Парень поднялся было с места, но Васиф жестом остановил его.
- Сиди... К кому ты обращался?
- В отдел кадров. Невысокий такой мужчина, голова как будто прямо из плеч растет. Больше недели водил меня за нос. Но я решил - не отступлюсь. Наверное, я надоел ему, позвал меня однажды к себе в кабинет, говорит: давай начистоту объяснимся.
- Ну и что?
- Ну и ничего. Работа, говорит, здесь ответственная. Не каждому доверишь...
Васиф чувствовал, как краснеет, и, не выдержав прямого, сурового взгляда старика, отошел к окну.
- Хорошо. Тут какая-то ошибка. Завтра утром я сам буду в Конторе. Приходи, постараюсь устроить на буровую к Акопу.
Обещание свое он тогда выполнил, устроил парня. Ну, а то, что они с начальником отдела кадров наговорили тогда друг другу, - об этом лучше не вспоминать.
Акоп... Это он принес тогда комок земли с буровой. Нес бережно в руках, видно, бежал в гору, запыхался. Васиф увидел его из окна, выскочил навстречу. Жадно впился глазами во влажную горсть земли, разминал пальцами, нюхал и даже на язык попробовал. Потом отломал кусочек, опустил в пробирку, залил бензином. Встряхивал, встряхивал. Не дыша смотрели они с Акопом, как жидкость в пробирке окрашивалась в темно-золотистый цвет. И долго хлопали друг друга по плечам, смеялись, говорили, перебивая друг друга.
А потом Акоп сидел на койке, откинув голову, и Васиф заметил, какое у него осунувшееся лицо, с темными впадинами под глазами.
- Выспаться тебе надо, Акоп.
- Что ты! Разве я сейчас смогу уснуть? Меня ждут там ребята на буровой. Они заслужили, чтоб первыми узнать! Какой уж тут отдых.
- Я понимаю.
Акоп выпрыгнул в окно и пошел через заросли к холмам, голубым от лунного света.
А Васиф долго еще не спал. Свесив ноги с подоконника, сидел, слушал ночь, полную шорохов, всплесков далекой песни, бренчания струн, что доносил ветер из вагончиков-времянок.
Неужели нашли то, что искали много лет? Пройдет немного времени, и в газетных сводках по добыче нефти появятся первые сообщения с Кюровдага. Новый трест организуют. Дороги проложат...

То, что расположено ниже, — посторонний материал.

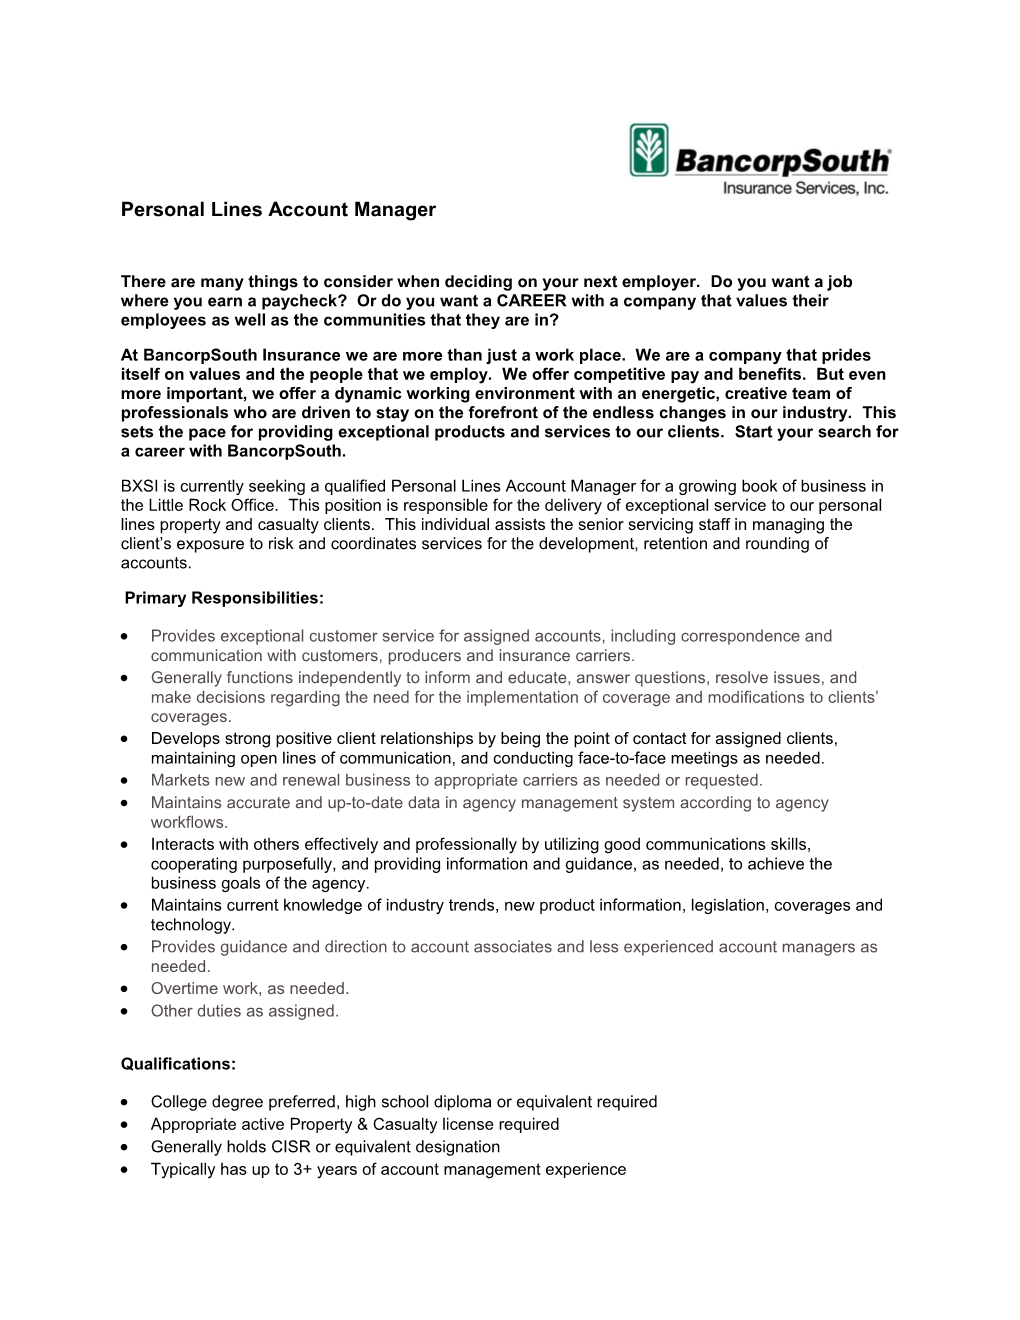 Personal Lines Account Manager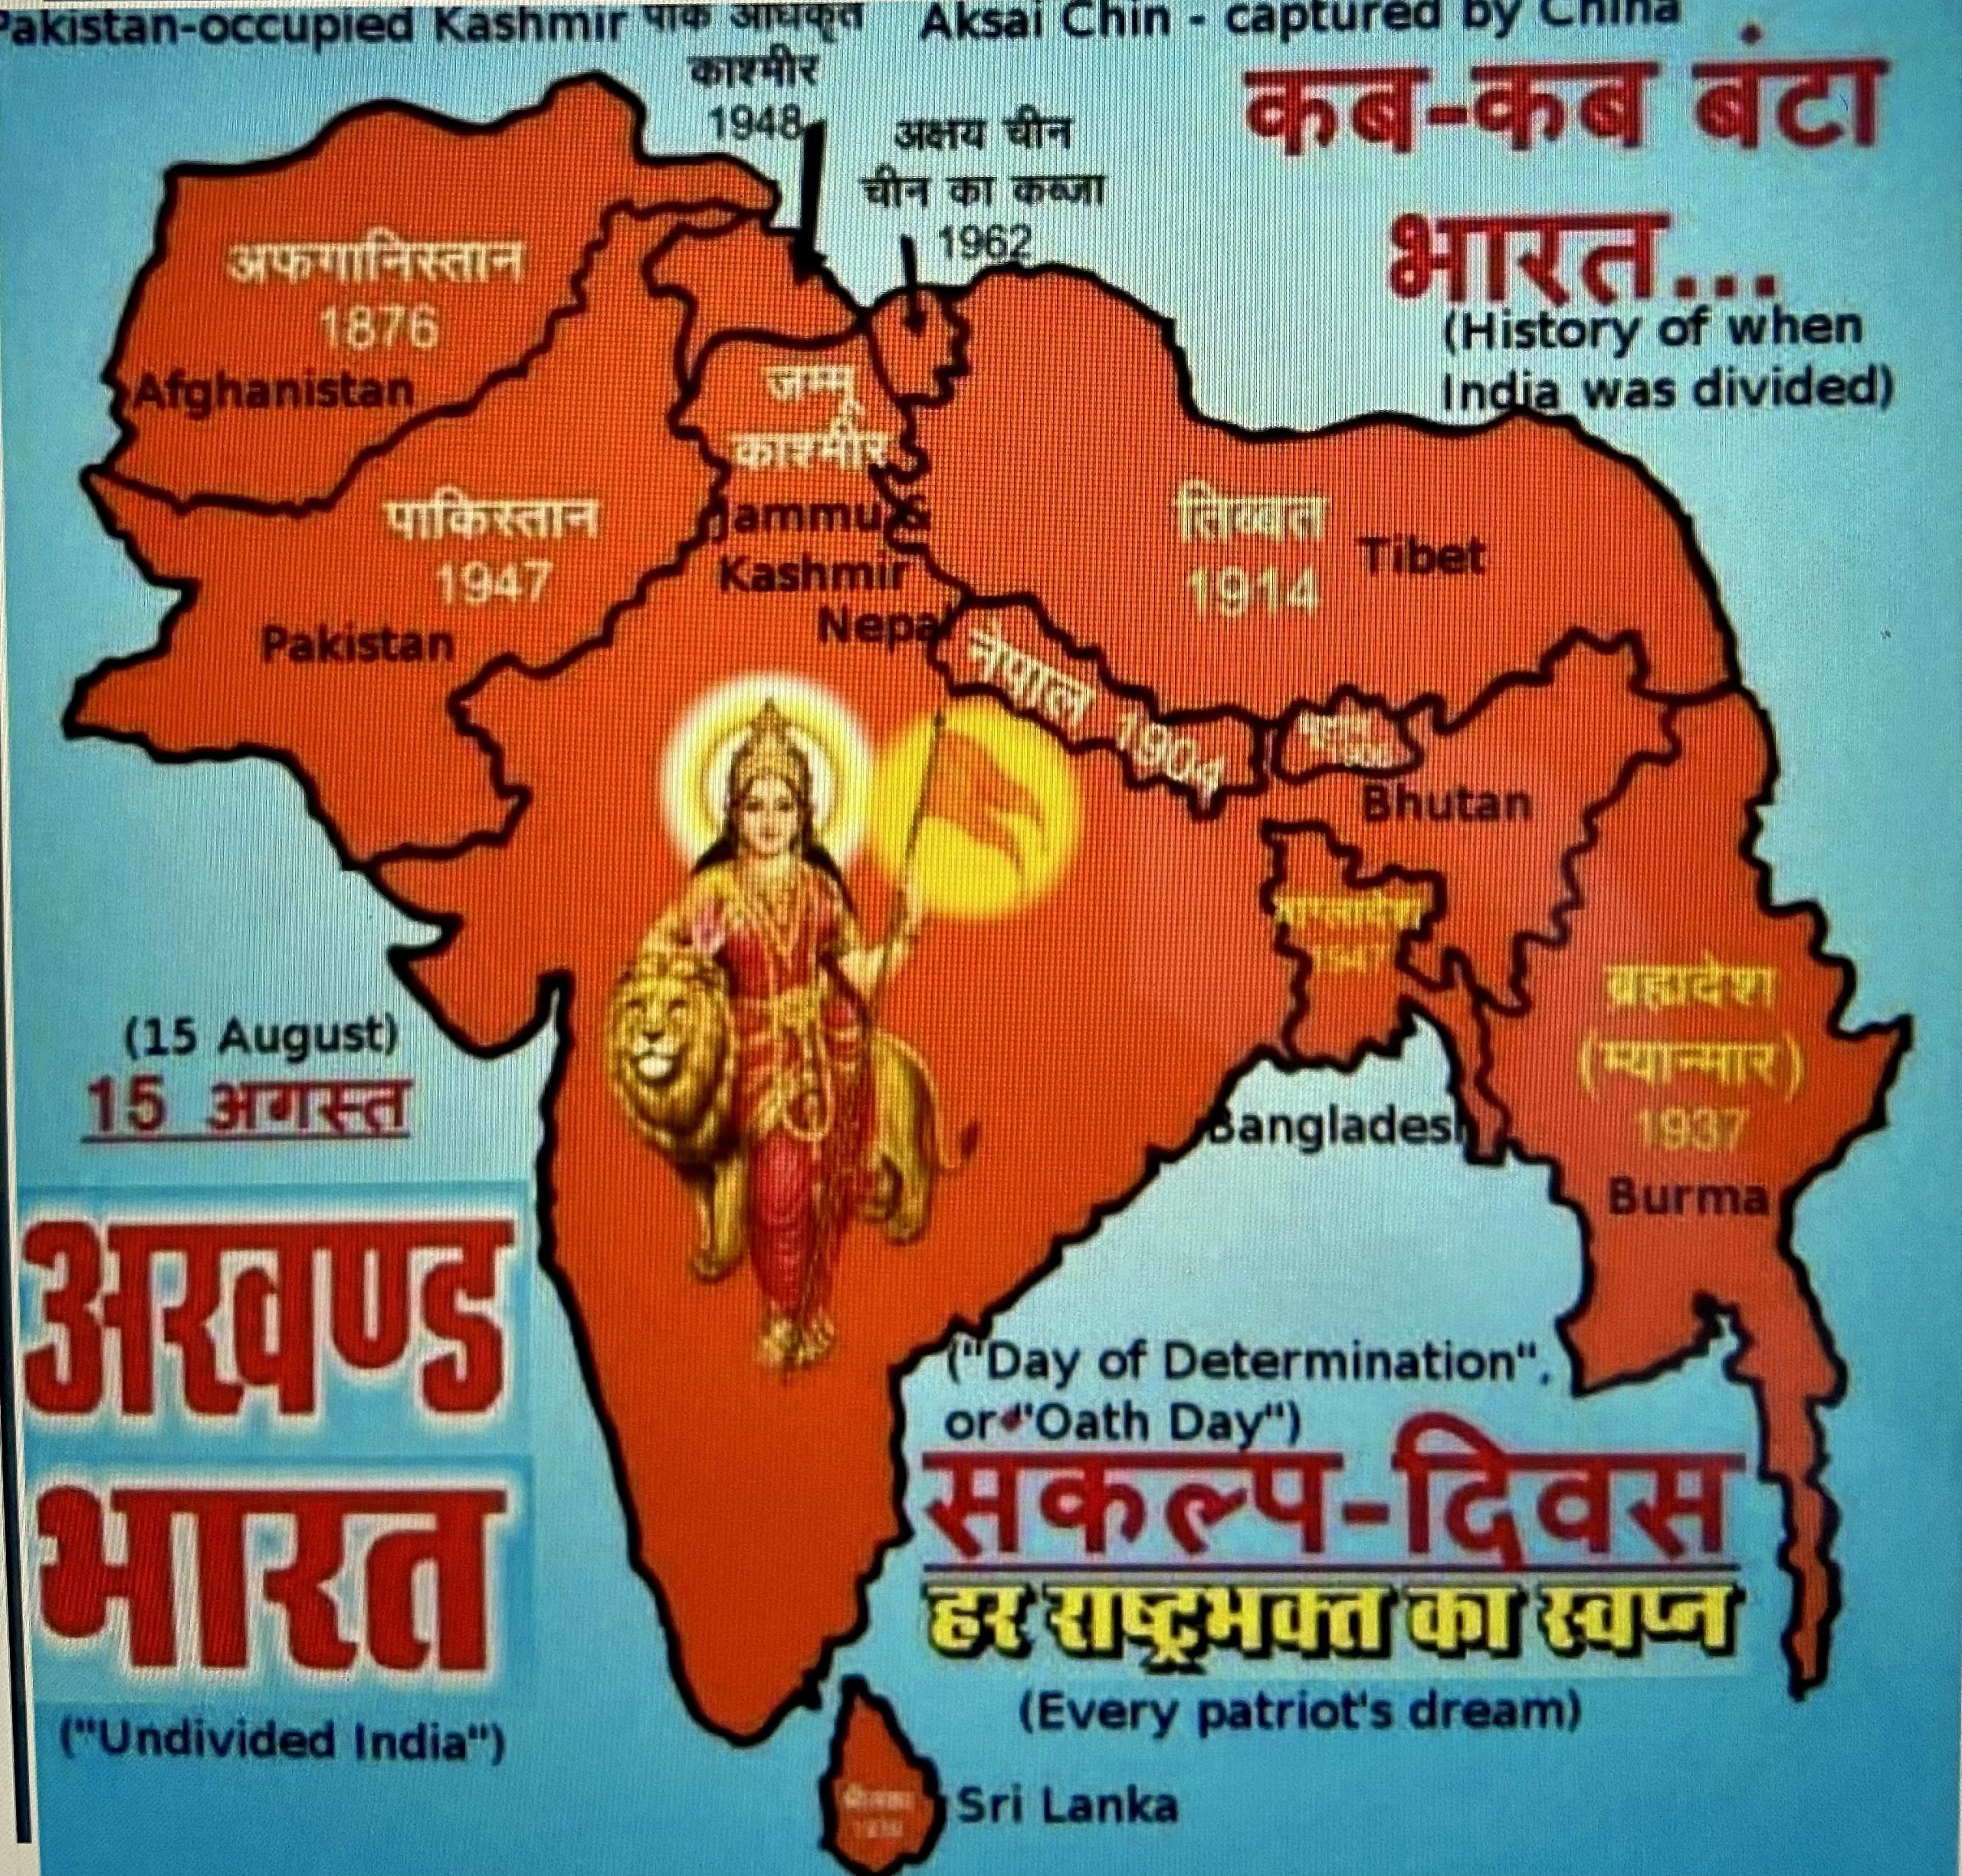 The map kept by RSS members in their homes & offices | By special arrangement

Где-то рядом хрипло, протяжно пропел петух. Ему тут же откликнулся другой. Васиф спрыгнул с подоконника, зажег лампу, поднес к ее слабому свету пробирку. А вдруг... Нет. Жидкость была такой же - золотисто-коричневой с маслянистыми каплями на поверхности. Потушил лампу. В окно серо сочился рассвет.
Дневник! Куда запропастилась его старая тетрадь, которая прошла с ним все фронтовые и партизанские рубежи, грела в плену памятью мирных, довоенных лет, помогала видеть лица друзей, близких, слышать их голоса... Надо записать и этот день. Комок земли на ладони Акопа... Голубые под луной холмы и далекий рокот бурильного агрегата. Нет, дневник - это бумага, немые страницы. Ему нужно другое - чудесное чувство разделенной с кем-то радости. Написать друзьям в Баку?!
Васифа распирало желание что-то сделать, выплеснуть из себя бьющую через край энергию. Перемахнув через подоконник, он пробрался к соседнему окну. Лазым! Здесь спит Лазым. Подтянувшись, Васиф бесшумно пролез в окно. Кашлянул раз, другой. Шофер спал. Васиф прошелся по комнате, в темноте наткнулся на ведро с остатками воды, весело чертыхнулся.
Лазым спал.
- Слушай, Лазым! - Он легко тряхнул юношу за плечо.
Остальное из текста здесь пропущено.